Was Vijay not moving the vgtic stuff out in one of the gicv3 patches?
Julien Grall May 2, 2014, 3:36 p.m. UTC | #6
On 05/02/2014 04:27 PM, Ian Campbell wrote:
> On Fri, 2014-05-02 at 16:15 +0100, Ian Campbell wrote:
>> On Fri, 2014-05-02 at 15:17 +0100, Andrew Cooper wrote:
>>> On 02/05/14 15:09, Julien Grall wrote:
>>>> On 05/02/2014 01:25 PM, Ian Campbell wrote:
>>>>> On Wed, 2014-04-30 at 20:15 +0100, Julien Grall wrote:
>>>>>> While I was adding new failing code at the end of the function, I've noticed
>>>>>> that the vtimers are not freed which mess all the timers and will crash Xen
>>>>>> quickly when the page will be reused.
>>>>>>
>>>>>> Currently neither vcpu_vgic_init nor vcpu_vtimer_init fail, so we
>>>>>> are safe for now. With the new GICv3 code, the former function will be able
>>>>>> to fail. This will result to a memory leak.
>>>>>>
>>>>>> Call vcpu_destroy if the initialization has failed. We also need to add a
>>>>>> boolean to know if the vtimers are correctly setup as the timer common code
>>>>>> doesn't have safe guard against removing non-initialized timer.
>>>>>>
>>>>>> Signed-off-by: Julien Grall <julien.grall@linaro.org>
>>>>> I was about to acked + apply but it failed to build on arm64 with:
>>>>>
>>>>>         domain.c: In function 'alloc_vcpu_struct':
>>>>>         /local/scratch/ianc/devel/committer.git/xen/include/xen/lib.h:19:31: error: static assertion failed: "!(sizeof(*v) > PAGE_SIZE)"
>>>>>          #define BUILD_BUG_ON(cond) ({ _Static_assert(!(cond), "!(" #cond ")"); })
>>>>>                                        ^
>>>>>         domain.c:415:5: note: in expansion of macro 'BUILD_BUG_ON'
>>>>>              BUILD_BUG_ON(sizeof(*v) > PAGE_SIZE);
>>>>>              ^
>>>>> struct arch_vcpu is apparently now too large.
>>>> Hmmm... I'm not sure what is the best solution.

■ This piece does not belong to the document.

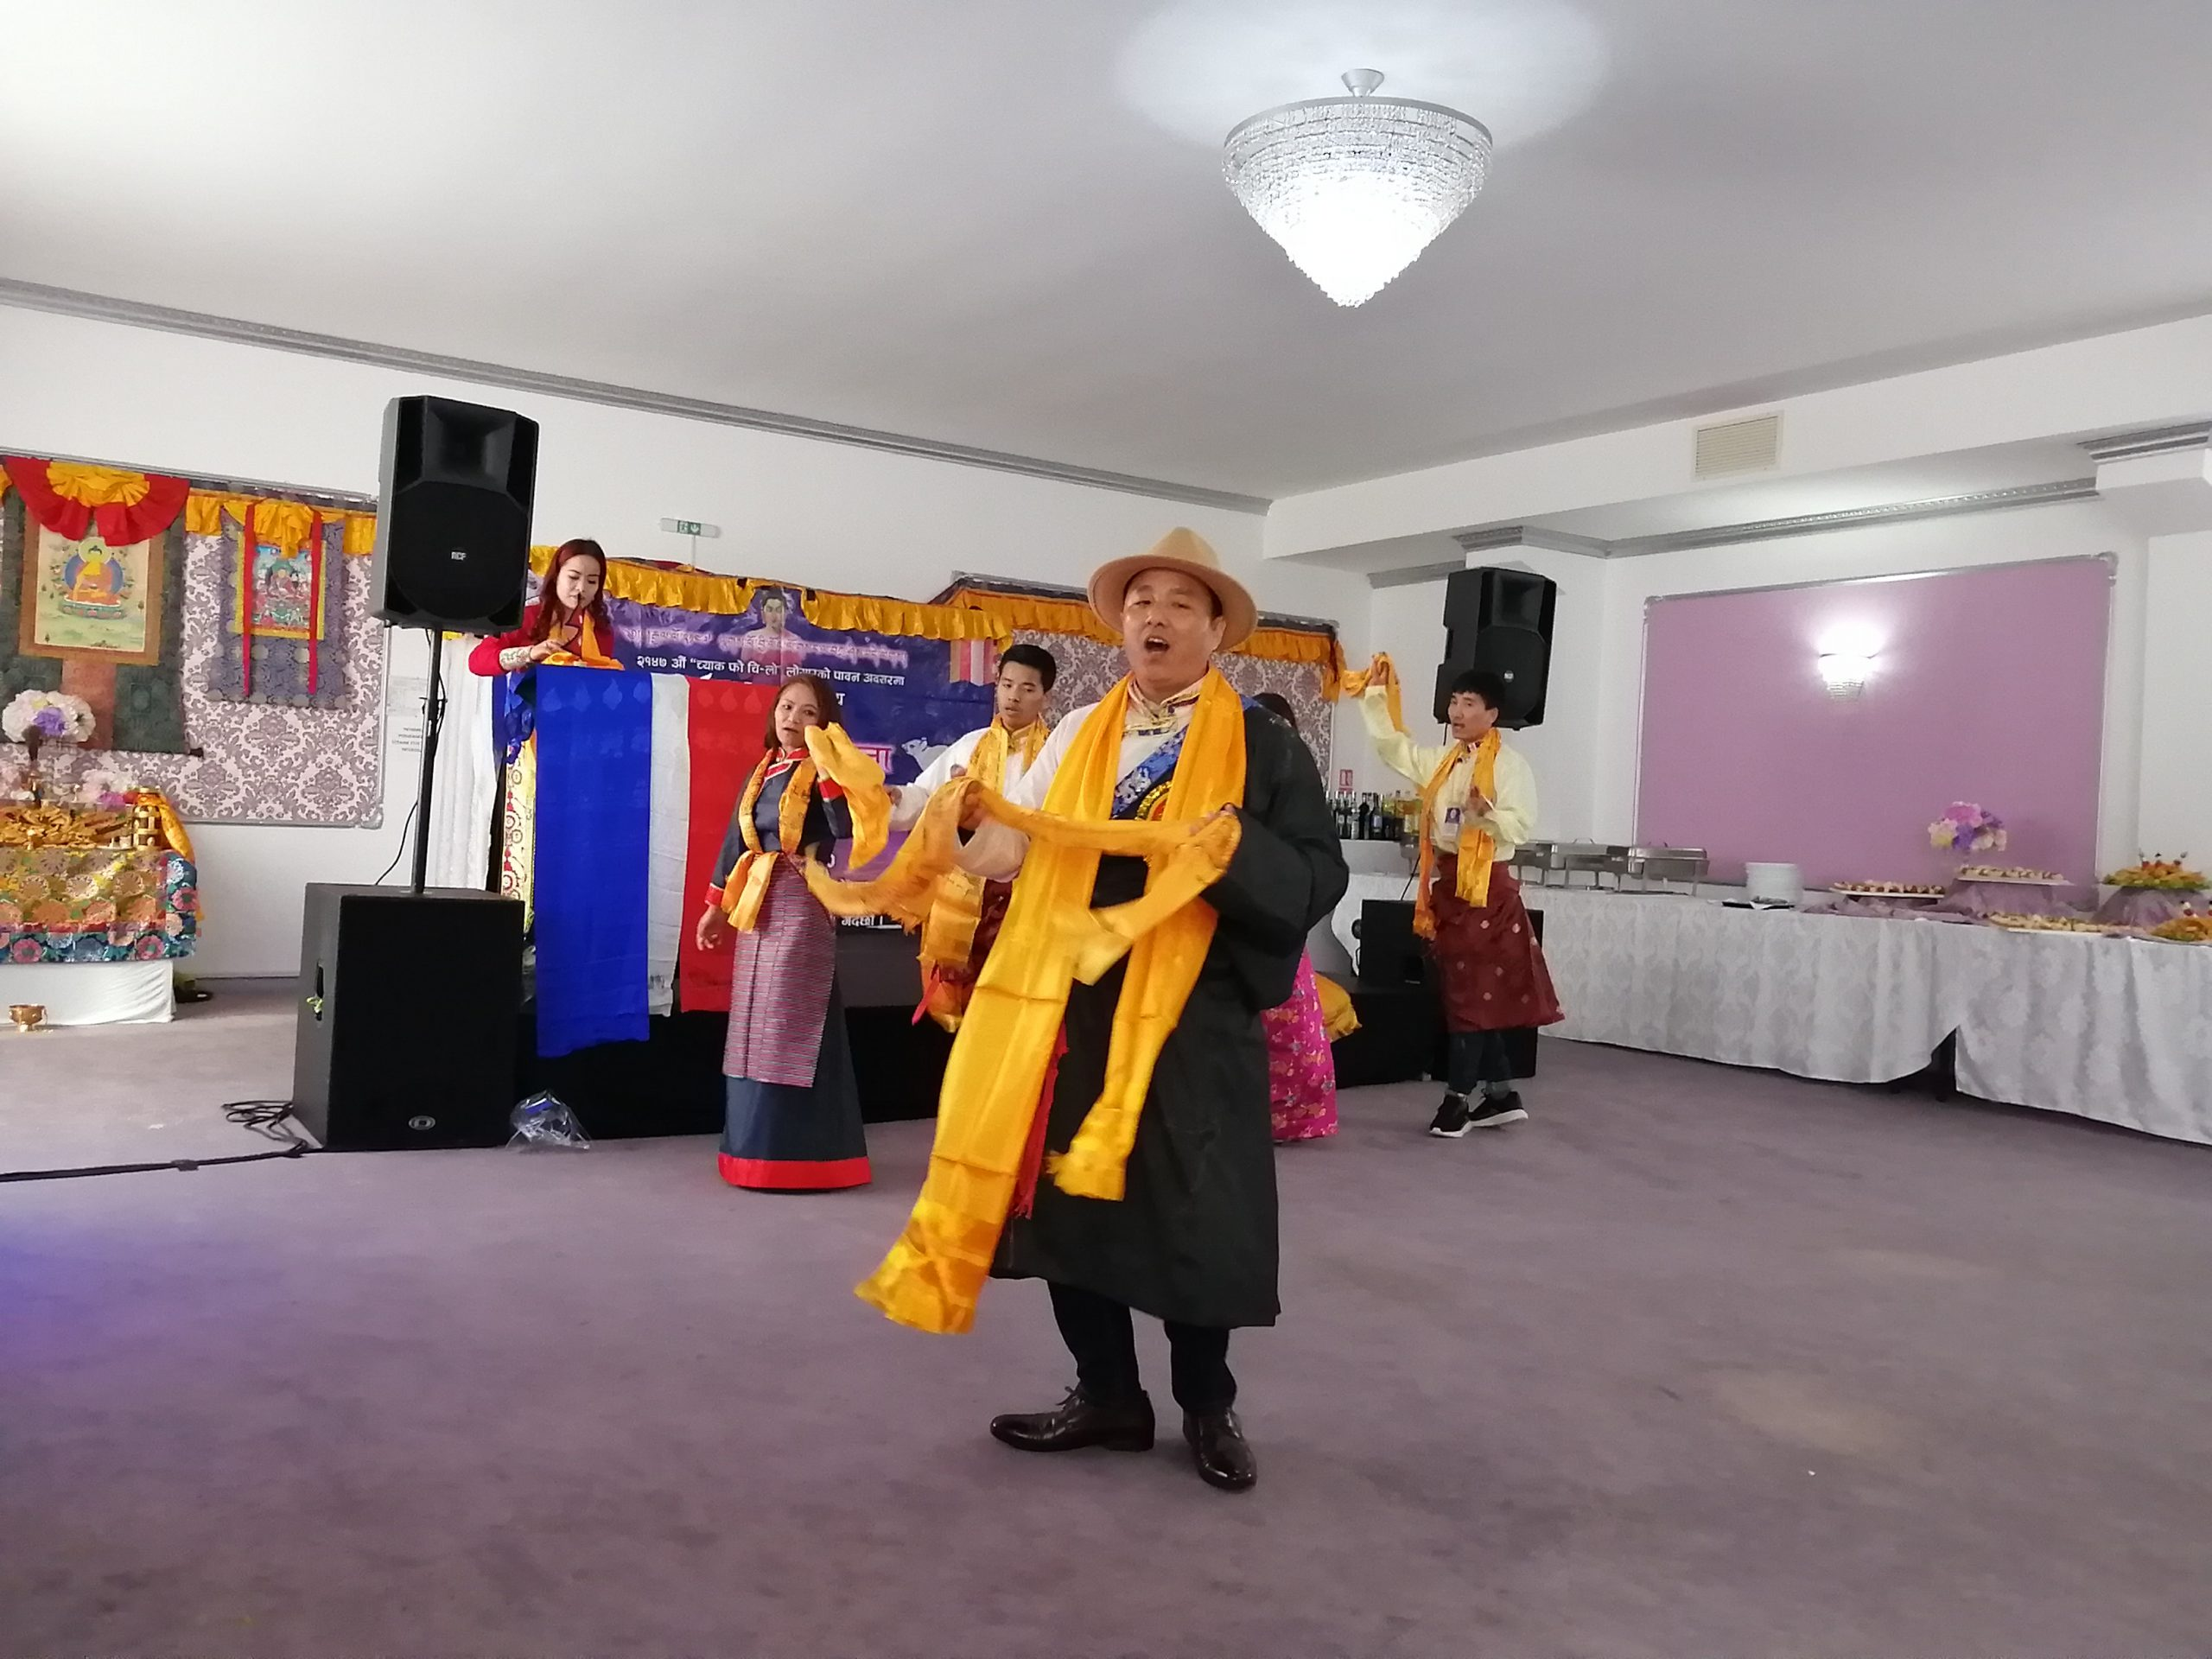 रोमानियामा ग्याल्बो लोसार कार्यक्रम सम्पन्न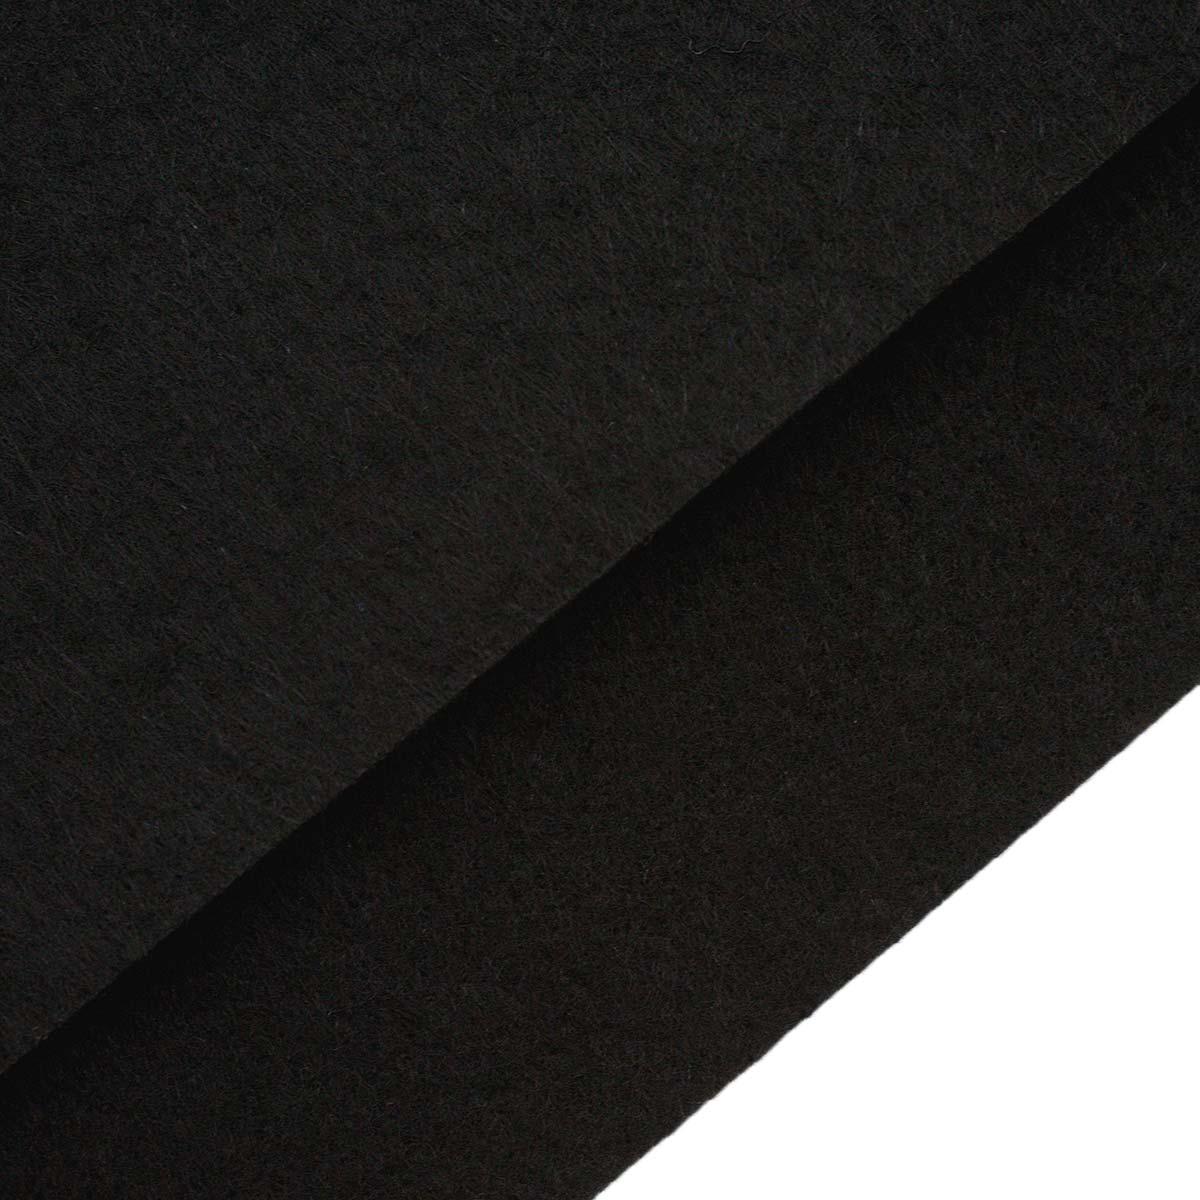 26953 Фетр жёсткий 1,0мм, 20*30 см, 100 % п/э, уп/2шт, черный

Can:
>>>> 	1) Allocate 2 pages for the VCPU structure
>>>> 	2) Allocate vgic structure outside.
>>>>
>>>> Any opinions?
>>>>
>>>> Regards,
>>>>
>>>
>>> 2)
>>>
>>> The reason structs vcpu/domain were reduced to this size to was avoid
>>> needing multi-page allocations, which risk allocation failures on
>>> systems with sufficiently fragmented memory.
>>
>> Ack. #2 (with s/vgic/anything suitably self contained/) is the answer.
> 
> Was Vijay not moving the vgtic stuff out in one of the gicv3 patches?

(CC him)

IIRC, he only moves the private_irqs field. I think we should move the
whole structure, to give more space for the future.

This patch will be necessary for the GICv3 serie has vcpu_vgic_init will
be able to fail (see patch #10).

Ideally, for bisection purpose, it should be applied before the patch #10.

Regards,
Julien Grall May 7, 2014, 3:09 p.m. UTC | #7
On 02/05/14 16:36, Julien Grall wrote:
>> Was Vijay not moving the vgtic stuff out in one of the gicv3 patches?
>
> (CC him)
>
> IIRC, he only moves the private_irqs field. I think we should move the
> whole structure, to give more space for the future.
>
> This patch will be necessary for the GICv3 serie has vcpu_vgic_init will
> be able to fail (see patch #10).
>
> Ideally, for bisection purpose, it should be applied before the patch #10.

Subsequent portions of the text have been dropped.